To Łysy powiedział na konferencji. Co on za głupoty bredzi. Porażki zaczęły się gdy wszyscy byli zdrowi. 6 graczy wypadło przed 3 meczami.
Zaczyna mnie ta Pałaresca denerwować tymi komentarzami
Sanchez chciał się podlizać trenerowi i zrobił fryzurę jak on, albo przechodzi kryzys psychiczny jak Britney po odstawieniu go od składu.
Ciekawi mnie jak słaby jest Washington że przy braku napastników wysyłamy go na wypożyczenie zamiast pozostawić choćby na ławce jako rezerwowego.
Villa gra dobrze i tu miał bym nadzieję na zmianę nastawienia i trybu gry . Ciekawie by było postawić na 4-3-3 środek Caicedo-Hall-Enzo wtedy boczni grają normalnie i z przodu Palmer z prawej Nkuku środek i George . Może akurat zaskoczy a i tak uważam że 90 procent nie wierzy w wygrana .
Wystawianie KDH w wyjściowej 11 to większe ryzyko niż wystawienie na pełne 90 minut George'a.
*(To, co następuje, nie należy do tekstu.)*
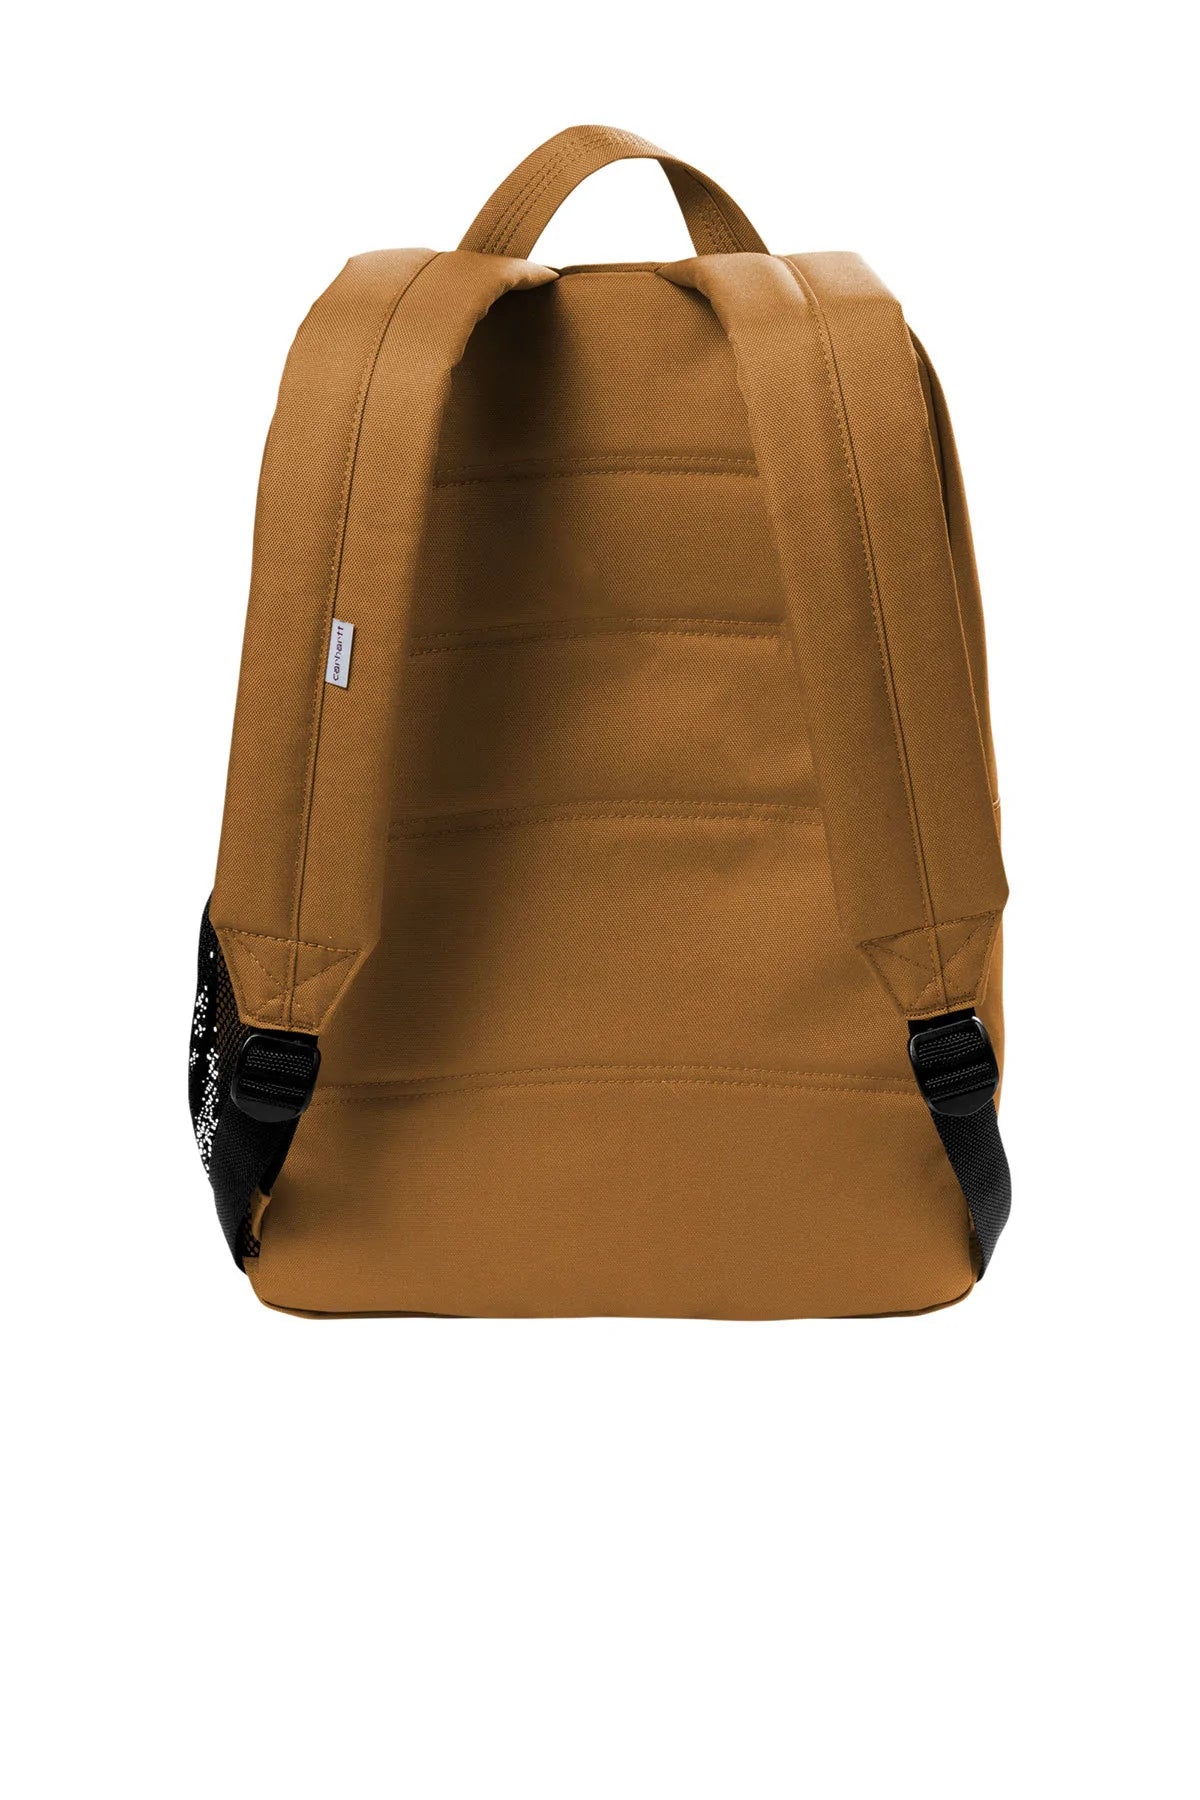 Carhartt Canvas Branded Backpacks,, Carhartt Brown

KDH to jedna wielka pomyłka i niech lepiej się boisk PL w naszych barwach nie tyka nawet na 45 minut. Poza tym pomysł ciekawy ale może warto zamiast KDH postawić w środku na Palmera I na prawej na Neto? Mielibyśmy wtedy więcej jakości.
Ciężki to będzie mecz ?. AV ostatnio bardzo dobrze zagrała przeciwko Redsom
Jedyna nadzieja w Villi. Oni w ostatnim czasie chyba byli trochę zmęczeni i grali dość ociężale przez co zremisowali sporo meczów. Mam nadzieję, że po szybszym w ich wykonaniu meczu z Liverpoolem to zmęczenie znów ich trochę dopadnie i dostosują swoją grę do naszej. Inaczej nie będzie co zbierać.
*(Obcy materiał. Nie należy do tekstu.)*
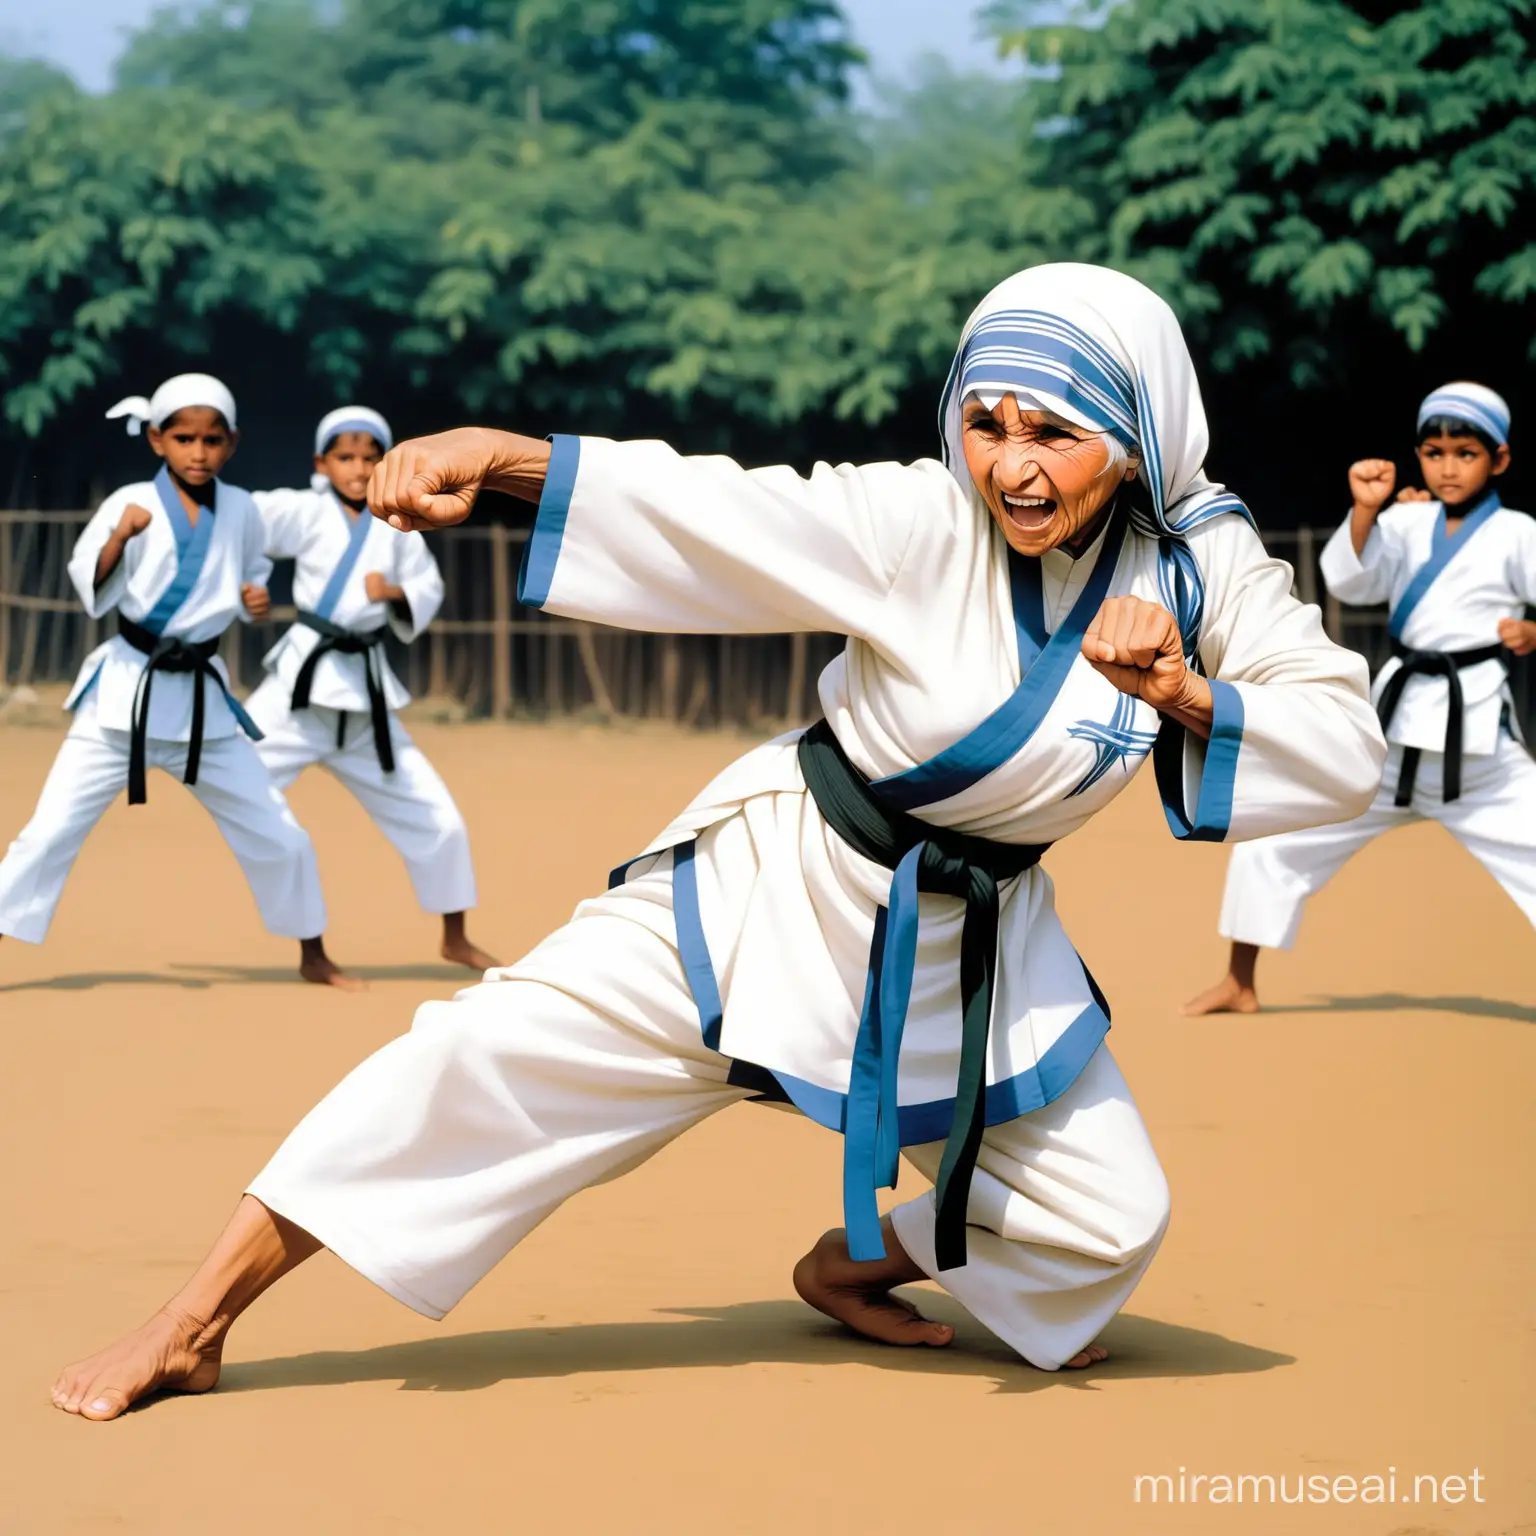 foto de madre teresa de calcutá a lutar estilo karate contra crianças pobres

Obstawiam wynik: 3:1 dla AVFC
Łysy nic nie wymyśli. Będziemy chłopcami do bicia. Przez te kretyńskie wypożyczenia nie mamy nawet "siły rażenia".
Ten jeden gol dla nas to trochę optymistycznie patrząc na to że w ostatnich 3 meczach zdobyliśmy 3 bramki z czego tylko Neto strzelił a pozostałe 2 to samobóje rywali.
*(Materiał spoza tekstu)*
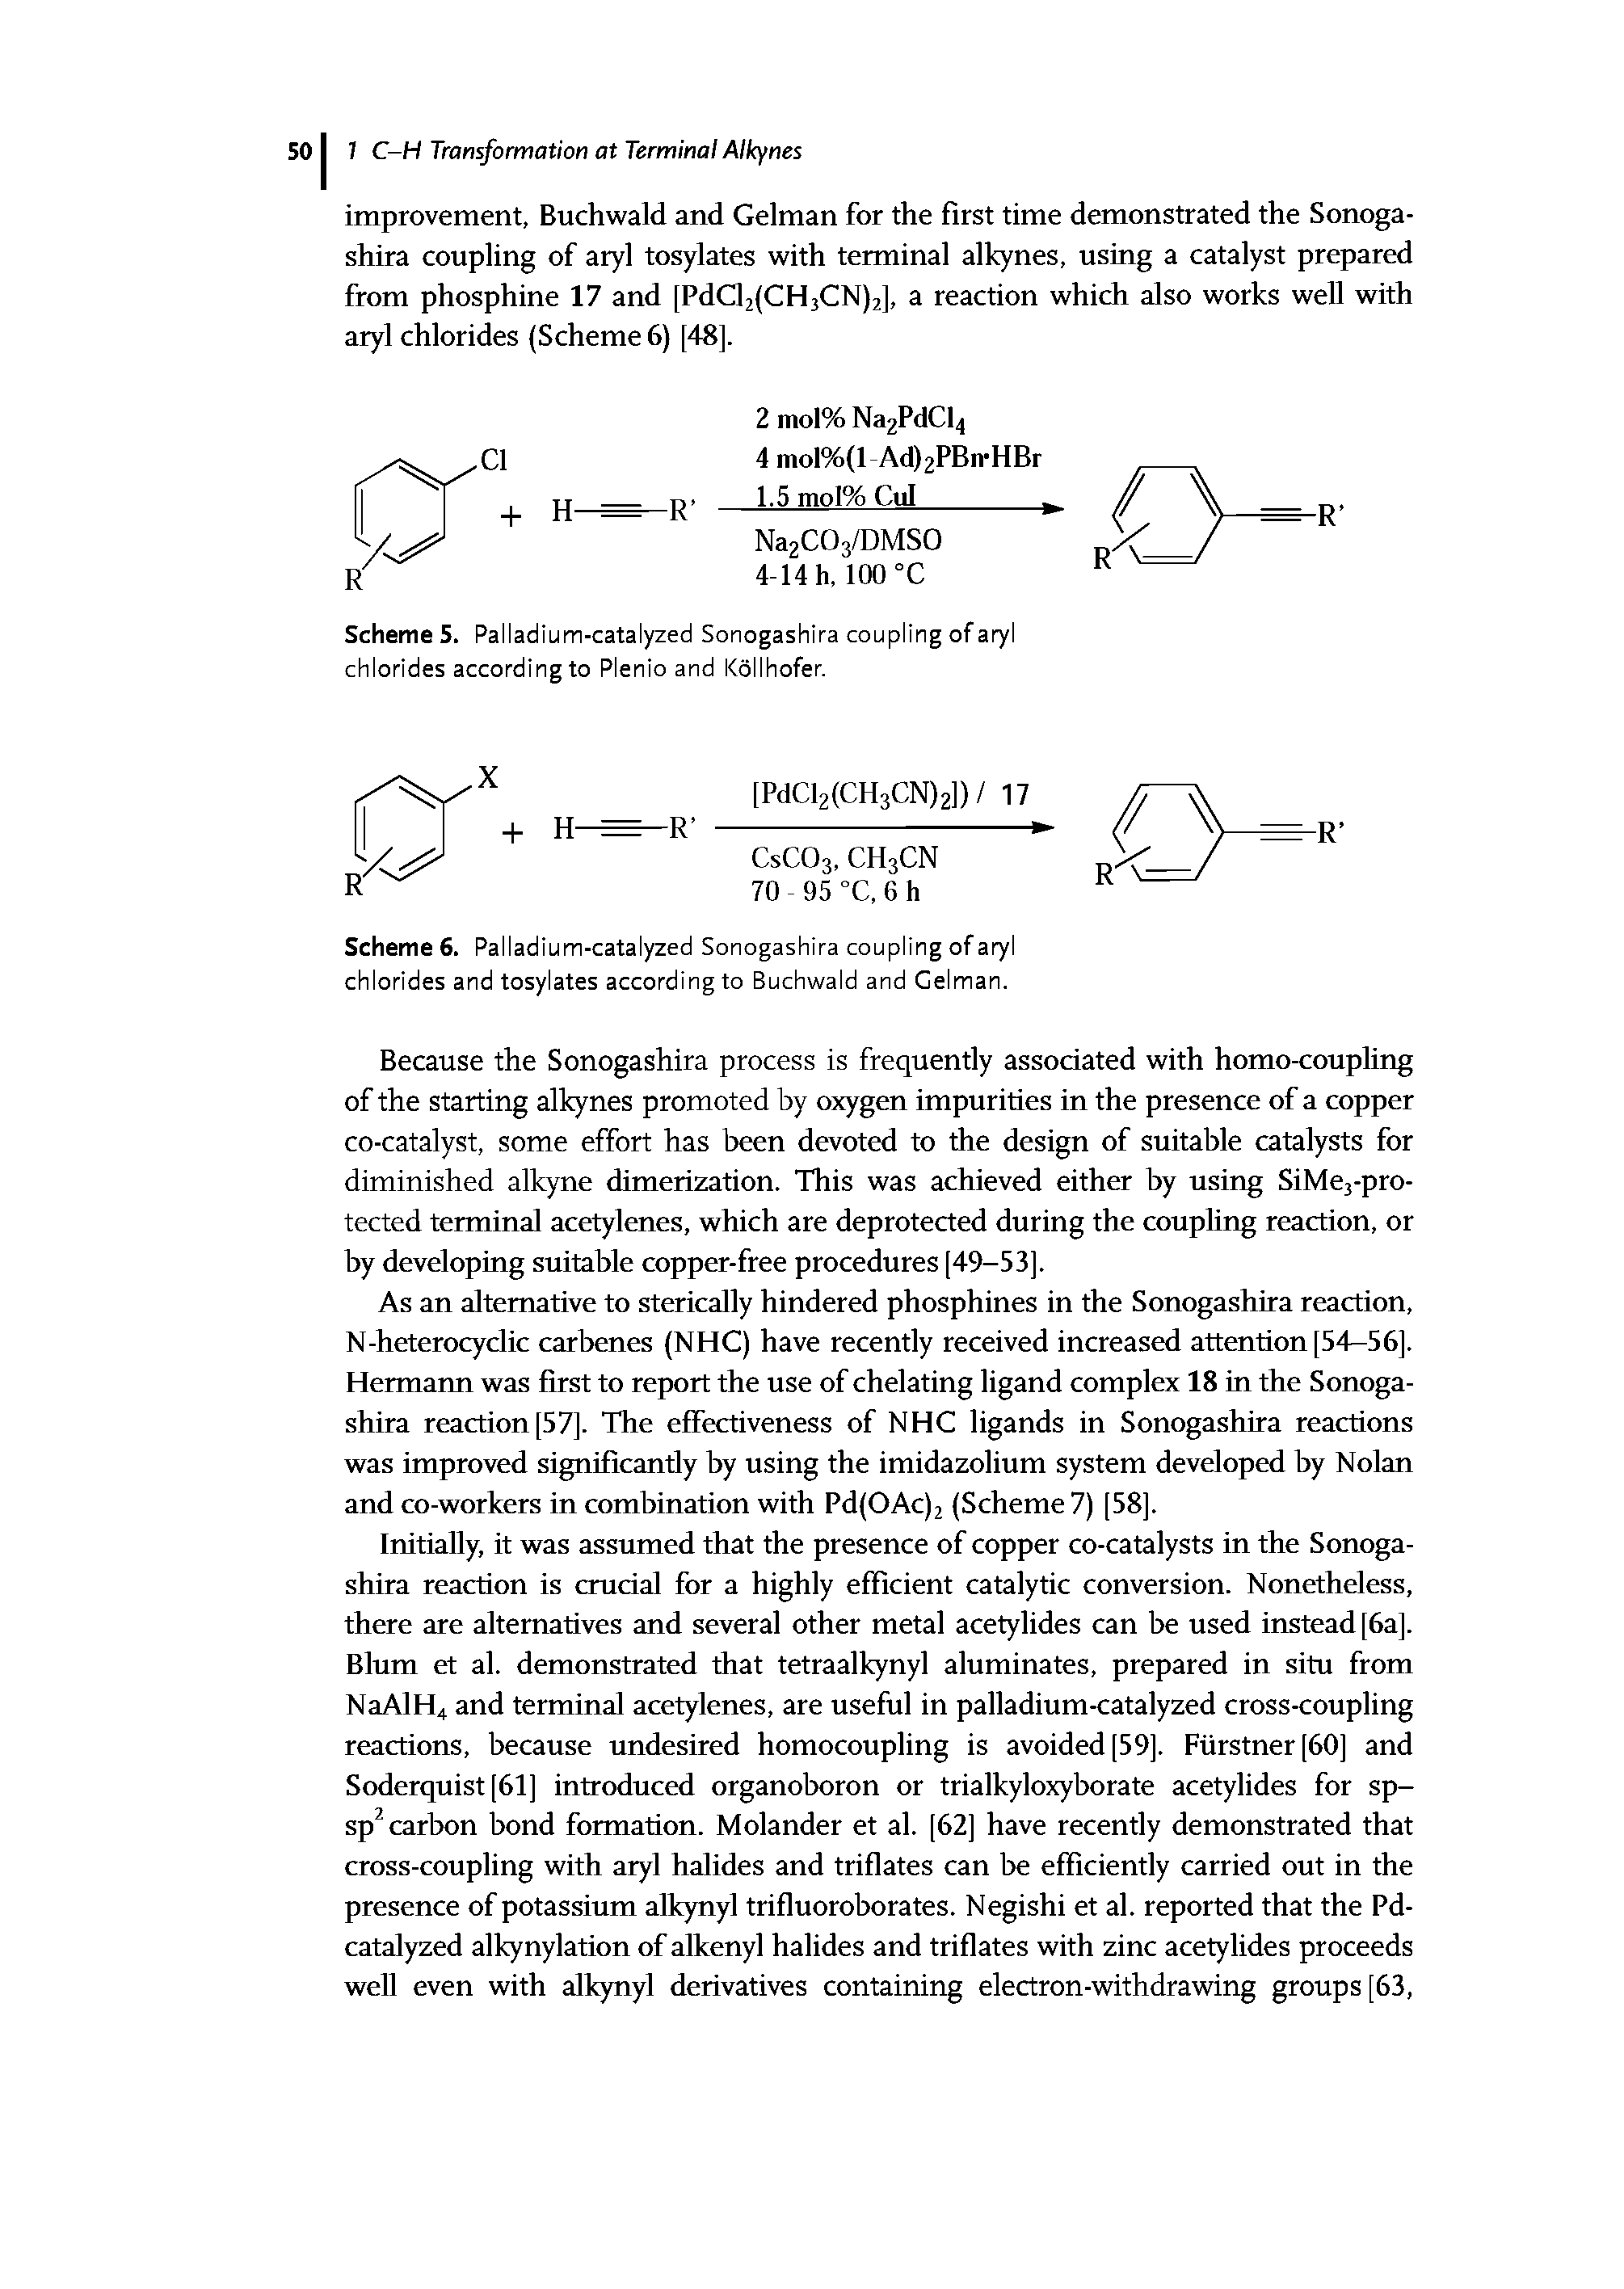 Scheme 5. Palladium-catalyzed Sonogashira coupling of aryl chlorides according to Plenio and Kollhofer.

Ciekawe co Betonesca wymyśli.
Przypomnę tylko jeśli ktoś zapomniał że Villa nie tylko obecnie ma lepszą kadrę od nas, nie tylko będzie w sobotę faworytem ale również w ostatnich 2 sezonach była wyraźnie lepsza na przestrzeni całych 2 sezonów co pokazywała wyraźnie tabela sezonów 22/23 i 23/24. Oglądałem trochę ich na początku sezonu, śledzę ich wyniki I widziałem 5 minutowy skrót meczu z Liverpoolem rozegranego niedawno. Statystycznie jeśli ma to wyglądać tak że na boisku zmierzyć się Villa z meczu z Liverpoolem i Chelsea z meczu z Brighton to nas rozniosą. Problem w tym że nie wiadomo co się wylosuje jednej i drugiej stronie. Villa może nas rozgromić 4-0/5-1 jak i przegrać z nami 1-0 czy 3-2. Dla mnie ten mecz to jedna wielka niewiadoma z wskazaniem na to że Villa to napewno groźniejszy i mocniejszy rywal niż Brighton czy West Ham. Zobaczymy, nie mamy nikogo jakościowego do zmiany w ataku, musi zagrać w ataku Sancho, Palmer, Neto i Nkunku bo nie ma innych opcji, na ławce będzie tylko George zapewne z ofensywnych graczy. Liczę na najmocniejszy możliwy dla nas obecnie skład Jörgensen, Cucu, Chalobah, Tosin, James, Enzo, Caicedo, Sancho, Palmer, Neto, Nkunku.
Zmierzyć ma się*
Witam jesteś bardzo dyplomatyczny ale uważam że jeśli nie będzie CUDU to mamy galanty wpierdziel spierdzielony weekend i bełkot pseudo trenera.Przy tym trenerze uważam że kończymy sezon na 12 - 10 miejscu
Jak widziałem w lipcu że to jego zatrudniają to też obstawiałem 10-12 miejsce, w grudniu myślałem że się pomyliłem i może jednak nie jest aż taki fatalny ale potem okazało się że się nie pomyliłem i jest fatalny, też przewiduje naszą sporą porażkę (3-0/4-1) ale jest jakiś tam 1% mozliwości że to się tak nie skończy, w co sam chyba już nie wierzę z tym betonem na ławce.